2010-11-10 Thread Karsten Bräckelmann
On Wed, 2010-11-10 at 18:04 +0100, Karsten Bräckelmann wrote:
> On Tue, 2010-11-09 at 22:57 -0800, Karl Meyer wrote:

> > > Using the Inbox rather than a dedicated ham folder therefore is NOT a
> > > good idea.
> > 
> > The problem is, that I can't persuade about 120 users to store all their ham
> > below a defined folder. They want to sort their mails into several folders
> > they created by their own.
> 
> You should be fine with some initial training of hand-sorted ham in a
> dedicated folder. Then let auto-learn kick in.

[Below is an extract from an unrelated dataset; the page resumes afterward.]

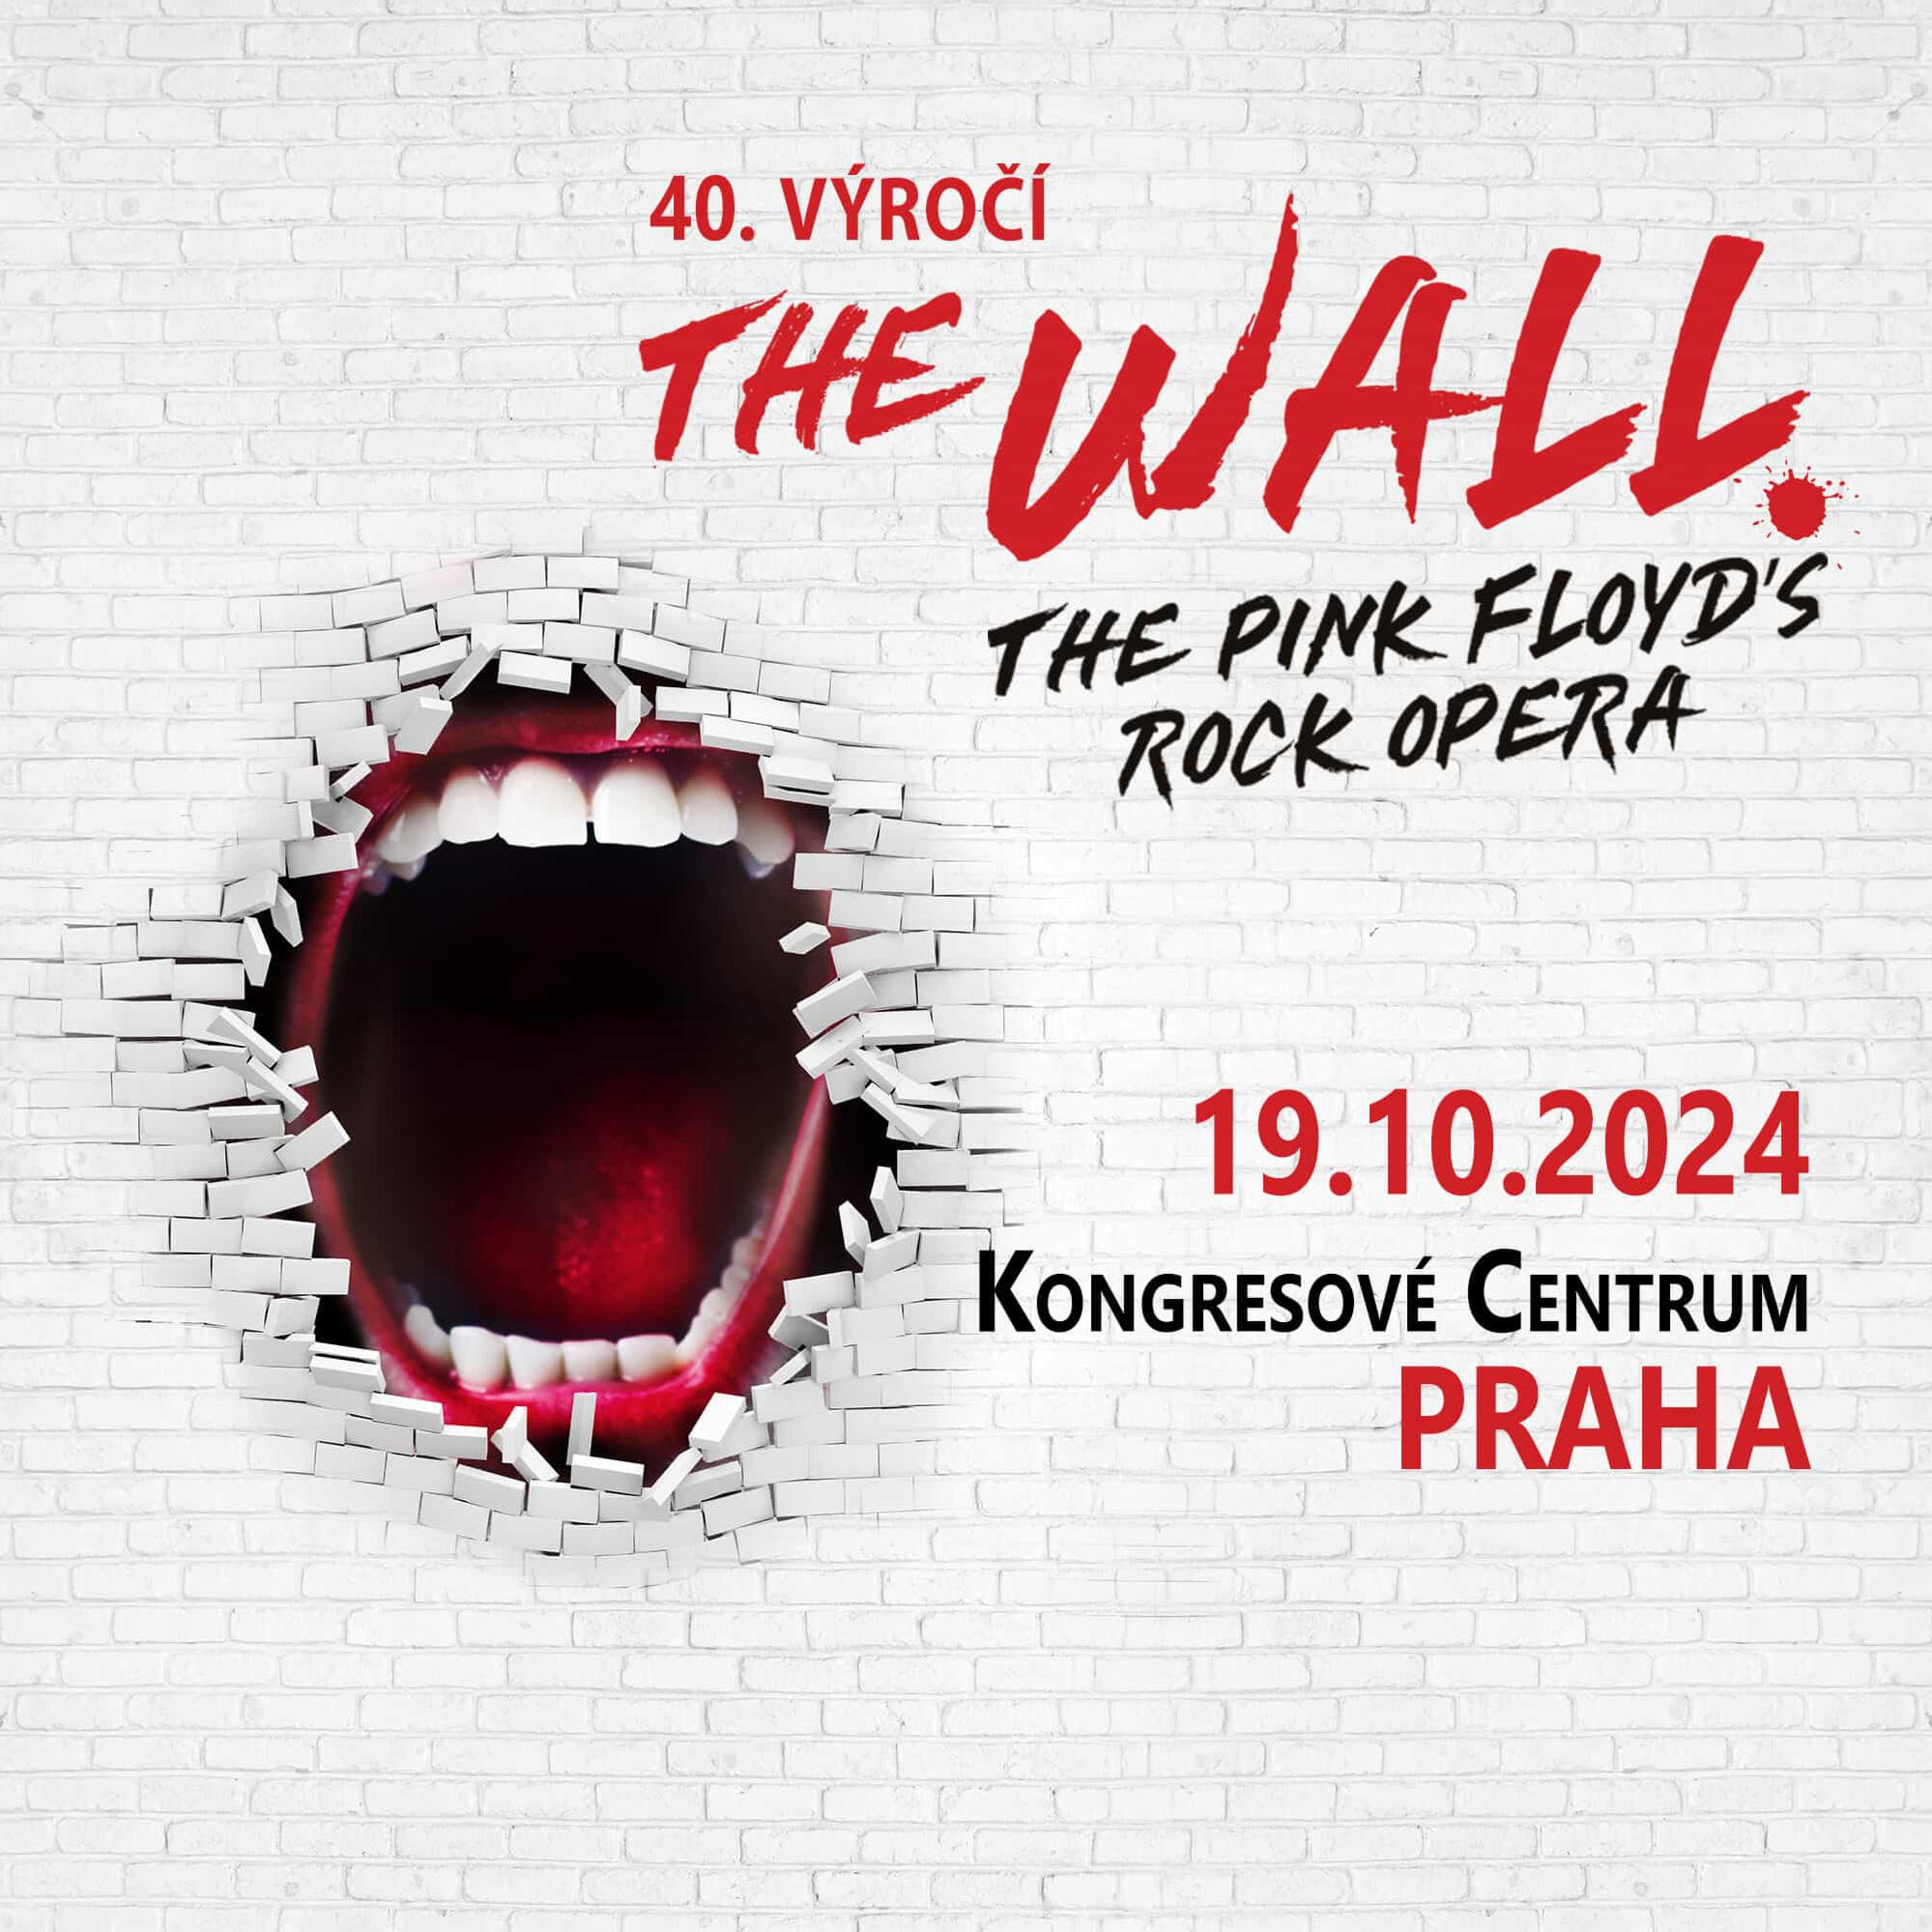 the wall rocková opera pink floyd praha 40 výročí

Other than the already established issues of delete and expunge, and
re-learning the same messages over and over again, there is another
problem with the "learn from Inbox" approach.

You would, effectively, implement a rather poor auto-learning mechanism.
The auto-learning available in SA does have quite some constraints, to
prevent bad training. Automatic, non-supervised training of the Inbox
does not have *any* such precaution, and instead blindly trusts the
initial classification.

You cannot tell your users to collect hand-classified ham? Do you really
believe you can tell your users, not *ever* to just delete the
occasional spam in their Inbox, rather than moving it for training? So
the user is in a hurry, he's late for the meeting, the project deadline
is close, the day's been a disaster anyway and the headache... No, don't
want that junk. Delete. Off there goes the spam into the great bin-
bucket, after it has been learned as ham.

And then there's the college next cubicle, on vacation for three weeks.
Meanwhile, all the FNs piling up in his Inbox are being trained as ham.
Despite the fact that all that would have been needed to properly
classify them are a bit of Bayes training to cross the threshold. As
spam, though, not ham -- bootstrapping as a dis-service for everyone
else in the office.


No, automatically training the Inbox is not a safe approach.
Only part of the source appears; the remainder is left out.